While the basic rules that underpin containership structural strength are well established, as ship sizes increase, new challenges have emerged making continued research into the implications essential.

Modern containerships have very large deck openings, long, fine hull forms, a large bow flare (the projection of the forward deck outwards above the waterline) and operate at fairly high operational speeds (roughly 18 knots or over). They must, of course, meet the structural strength and fatigue requirements imposed by all sea conditions.

Lloyd’s Register’s research on large containerships has been ongoing over the past decade and includes a full-scale measurement program conducted over five years on a large containership. This research has helped to identify the challenges faced by builders and operators of such ships and ensure that the ships’ structures are properly designed and remain within acceptable limits throughout their operational lives. More generally, Lloyd Register’s research and operational experience has provided the tools to properly and effectively assess the forces involved in large containership operation and thereby provide the appropriate rules and guidance.

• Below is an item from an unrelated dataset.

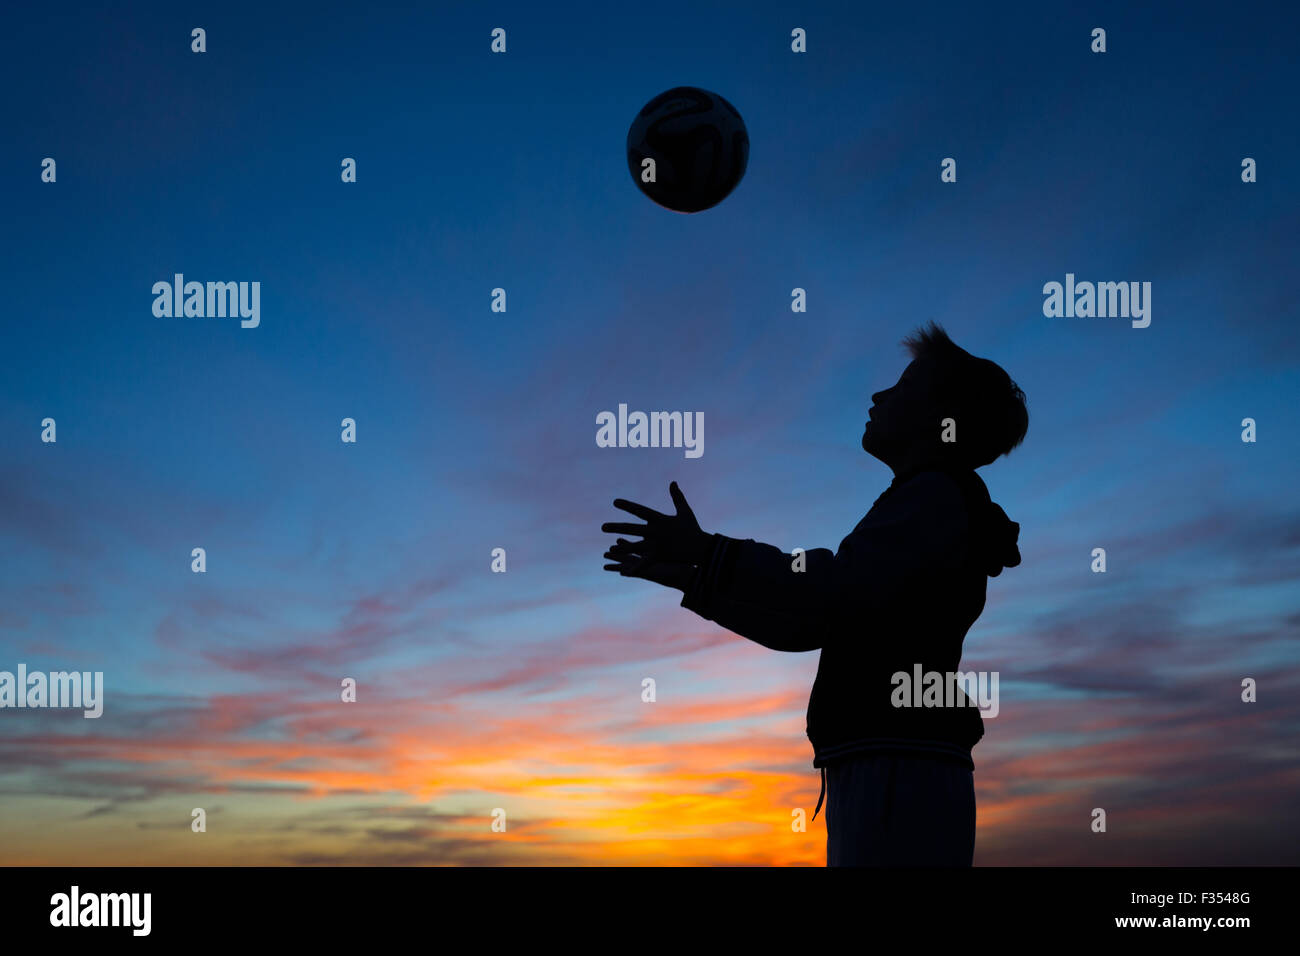 Silhouette eines jungen spielen im Freien in der Abenddämmerung Stockfoto

New designs approved by LR have progressively benefited from the output of this research and development.

Lloyd’s Register’s Marine Director, Tom Boardley, commented "Ship safety is our main role as a classification society. You can’t have efficient ships unless they are also structurally safe. We have invested heavily in research and we have the depth of expertise in our hydrodynamics and structures teams to address this challenge."

At SMM in Hamburg LR is releasing its Marine Technology Report, The Future of Shipping: Issue 01, New Generations of Large Containerships. This report, available on request, details the background work and science of understanding the forces involved in large containership design and operation.